■ Exercise description: Each line below from the "Kathy-Bates-Surviving-Cancer-Twice" line through the "Modern Bathroom Vanity" line, those two included, must be restated word for word; the pictures must not be.
-- Records for this task follows --
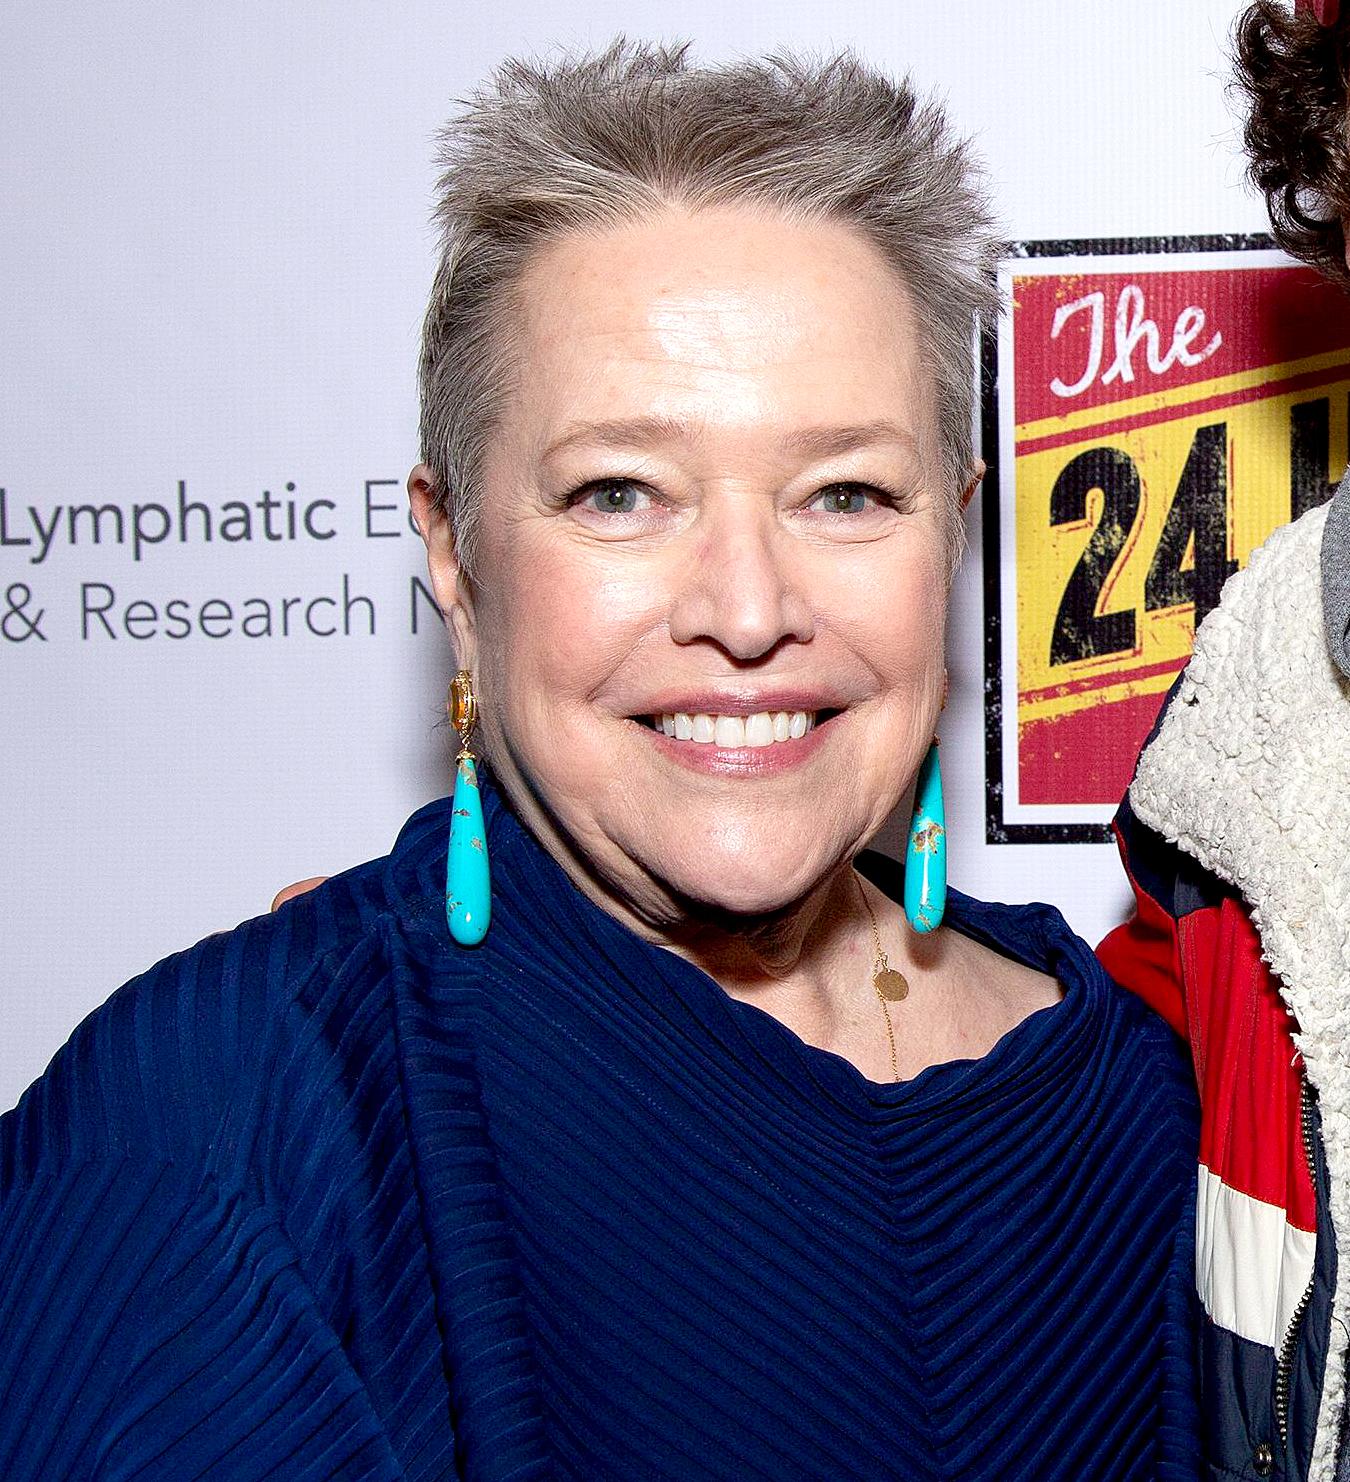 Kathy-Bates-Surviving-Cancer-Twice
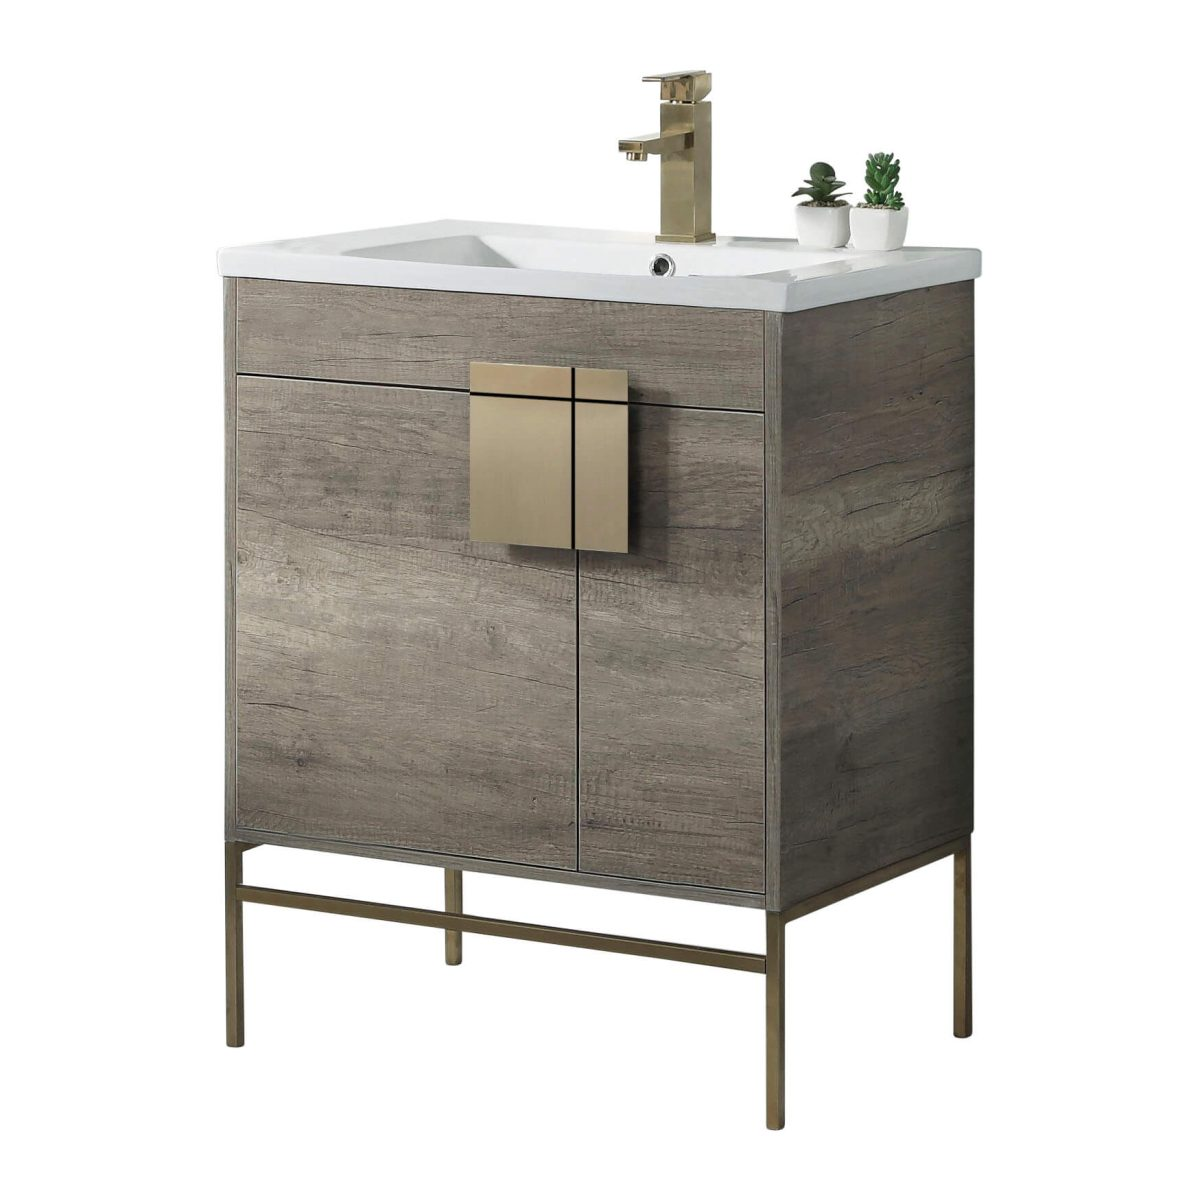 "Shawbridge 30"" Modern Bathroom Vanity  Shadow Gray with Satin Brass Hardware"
-- Records for this task concluded --
-- Records for this task follows --
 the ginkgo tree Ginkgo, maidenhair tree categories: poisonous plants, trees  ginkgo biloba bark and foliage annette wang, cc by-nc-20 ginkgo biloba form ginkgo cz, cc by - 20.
-- Records for this task concluded --
■ Response:
 Kathy-Bates-Surviving-Cancer-Twice
 "Shawbridge 30"" Modern Bathroom Vanity  Shadow Gray with Satin Brass Hardware"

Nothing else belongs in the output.